AVAILABLE DATA.
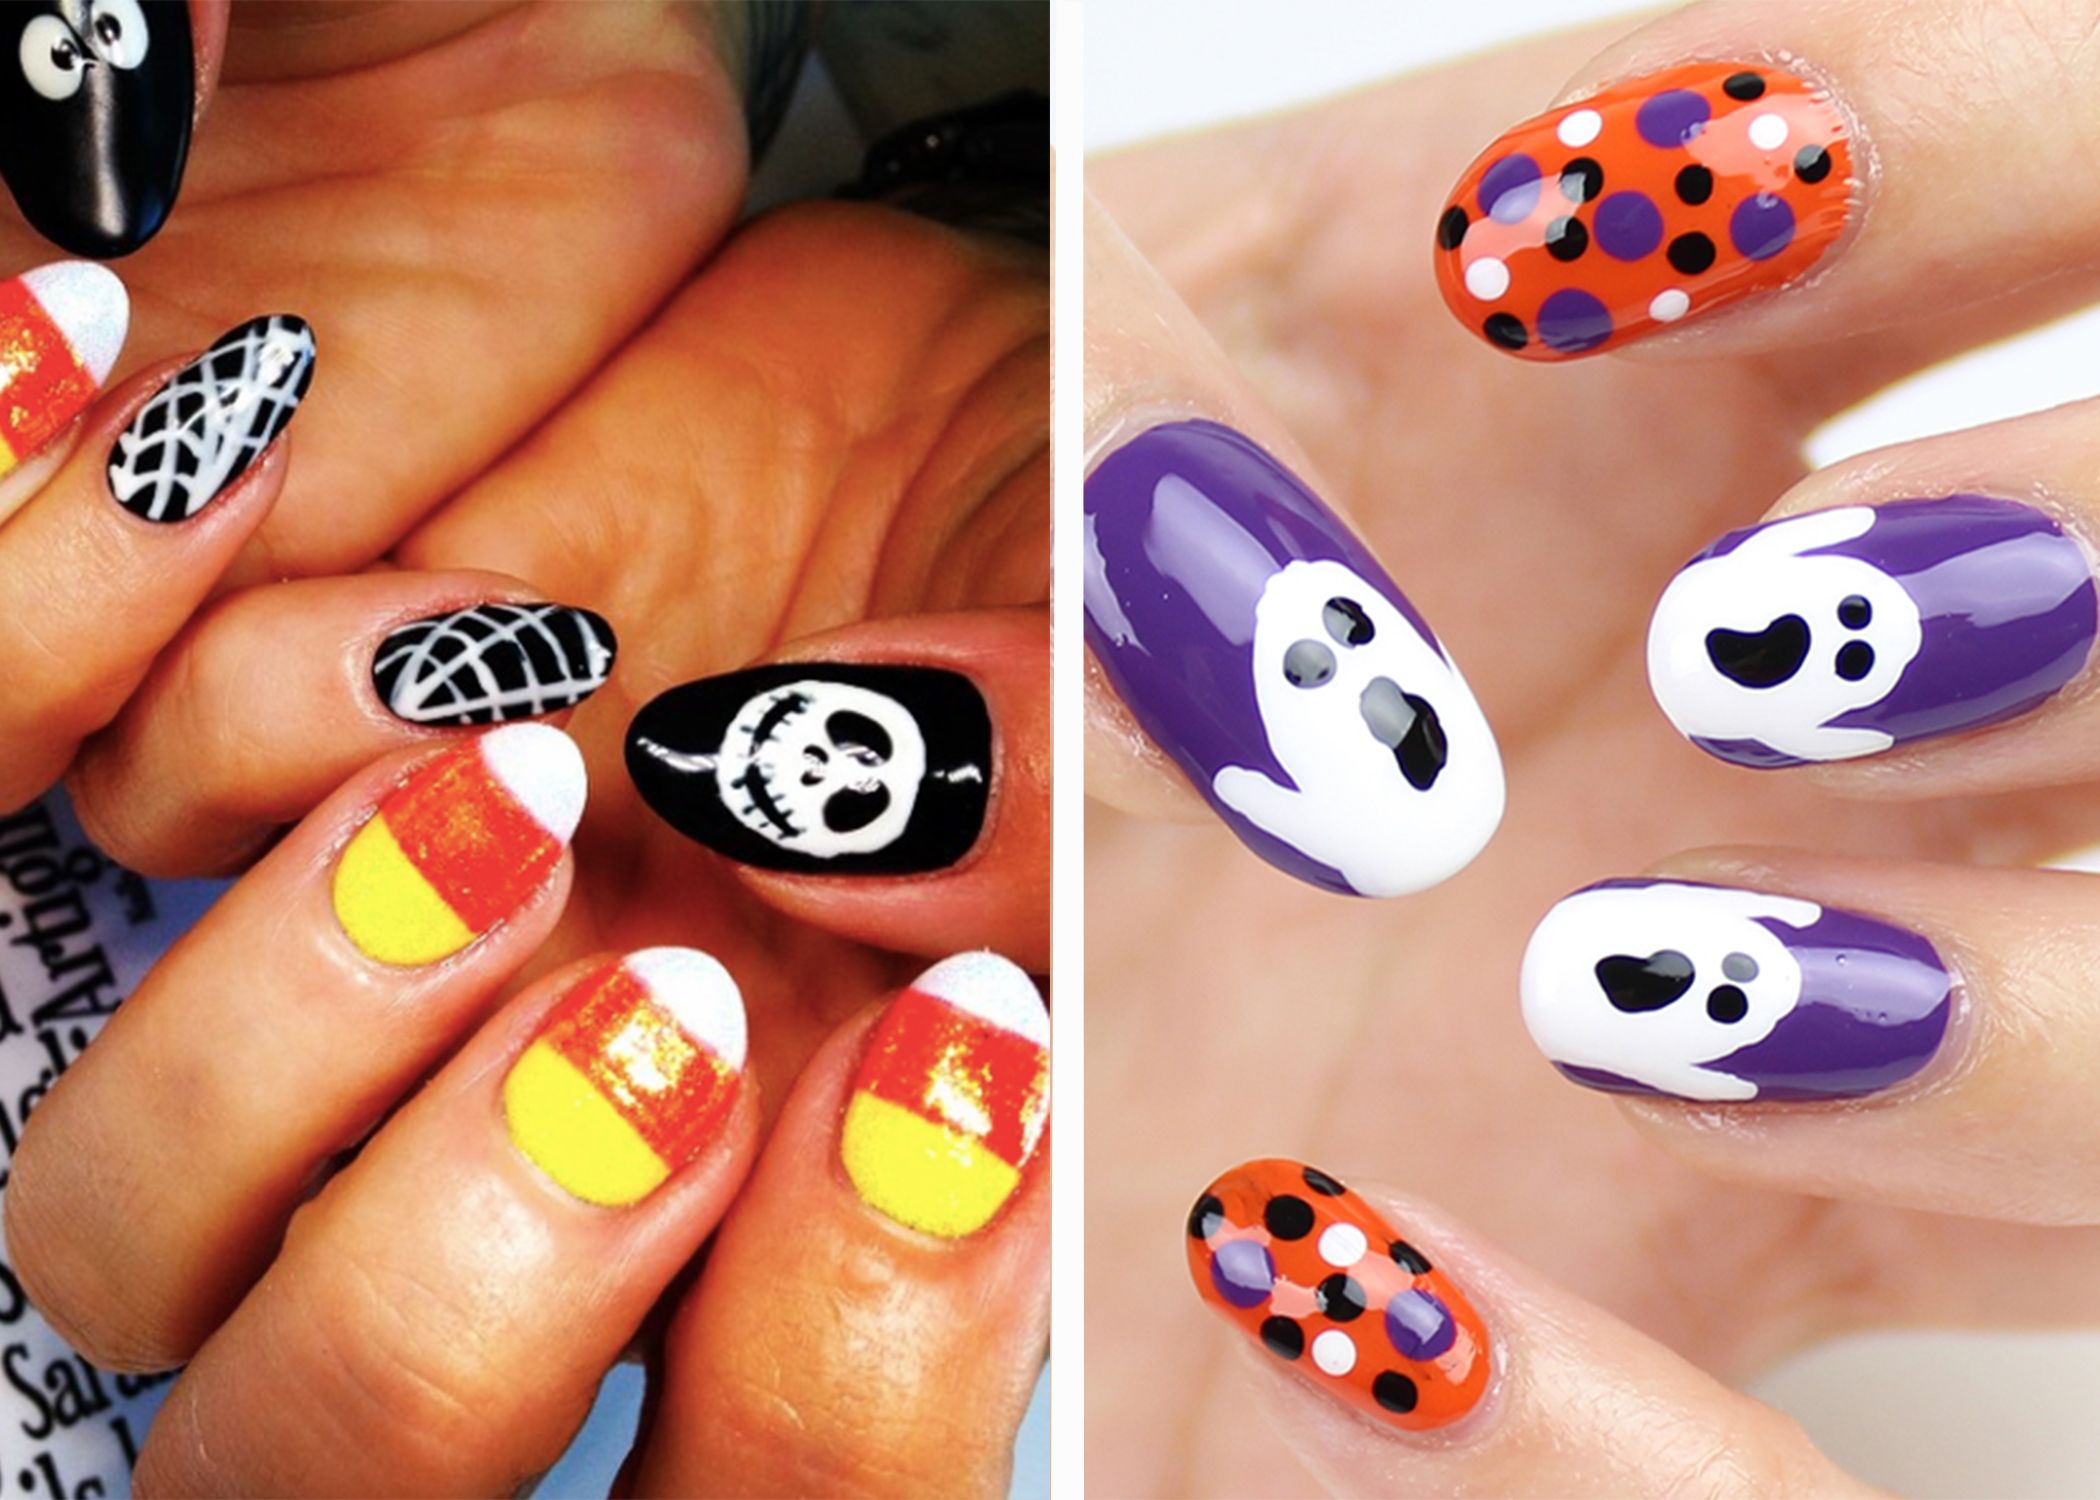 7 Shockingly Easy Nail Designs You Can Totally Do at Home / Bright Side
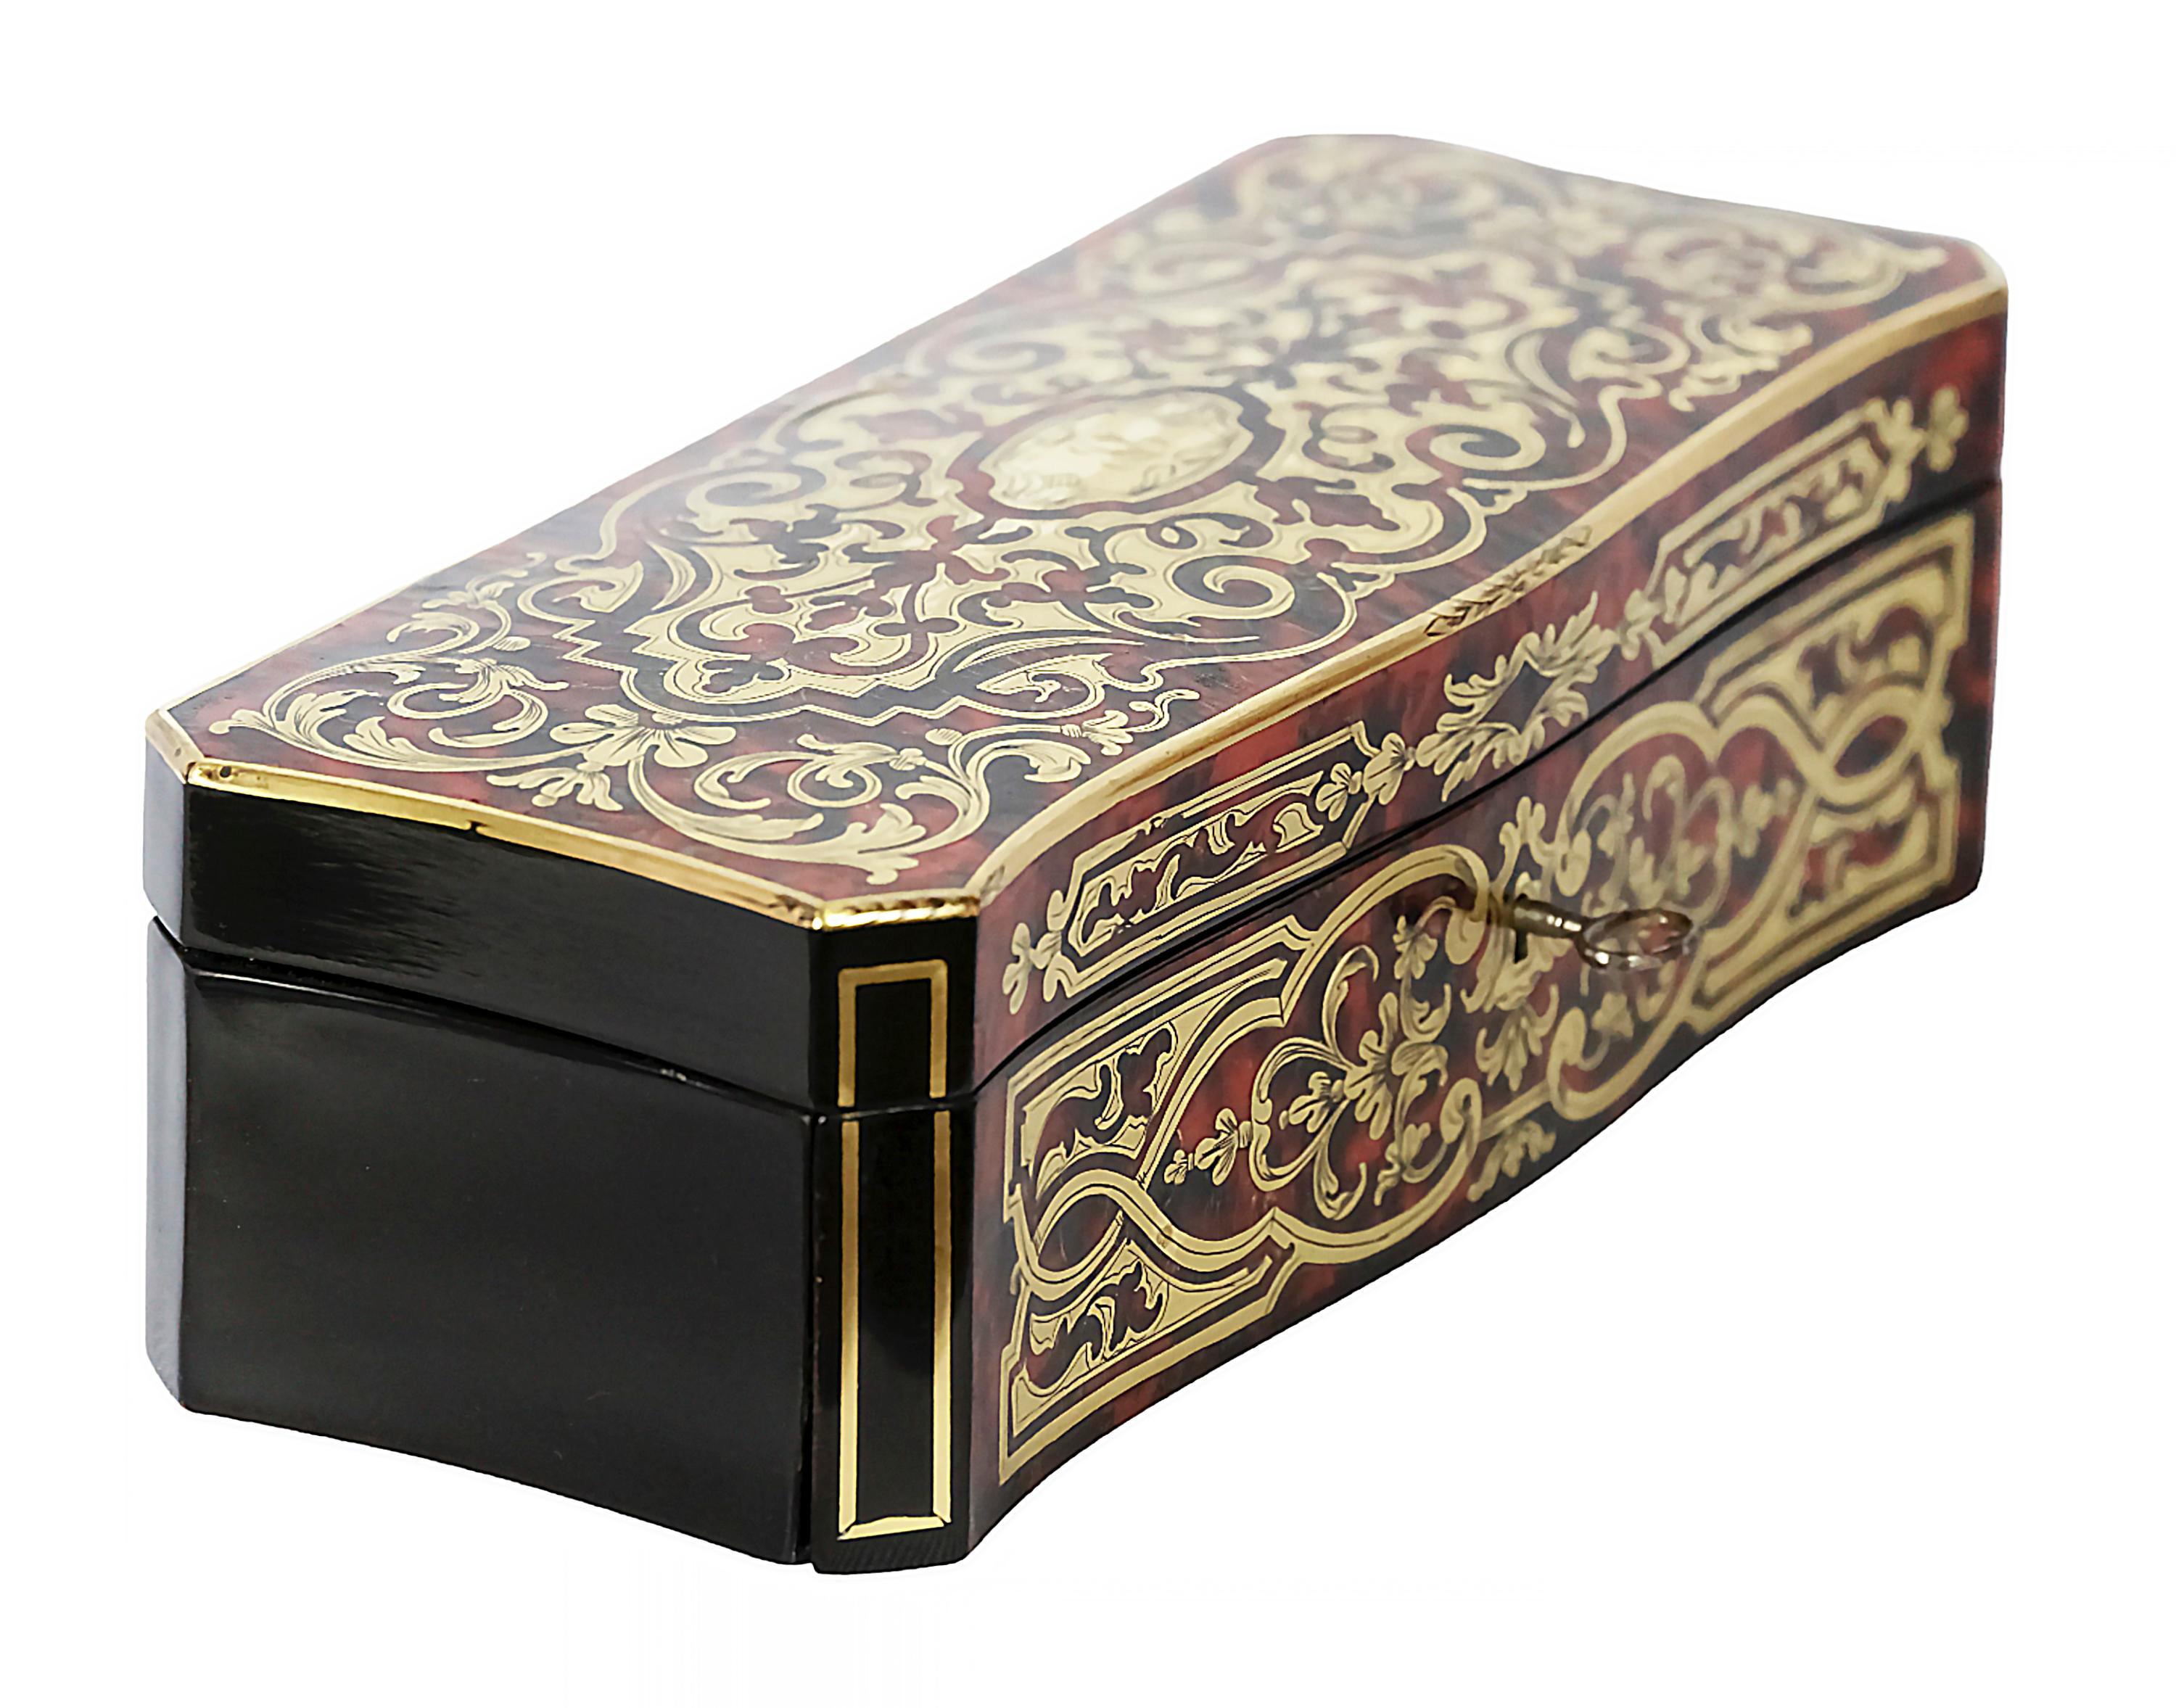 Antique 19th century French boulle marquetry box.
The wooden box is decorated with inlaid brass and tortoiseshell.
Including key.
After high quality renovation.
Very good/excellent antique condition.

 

DIRECTIONS.
From the line containing "Antique 19th century" down to the final line of the records above, restate every line word for word, add nothing, and skip the pictures.

SOLUTION.
 Antique 19th century French boulle marquetry box.
The wooden box is decorated with inlaid brass and tortoiseshell.
Including key.
After high quality renovation.
Very good/excellent antique condition.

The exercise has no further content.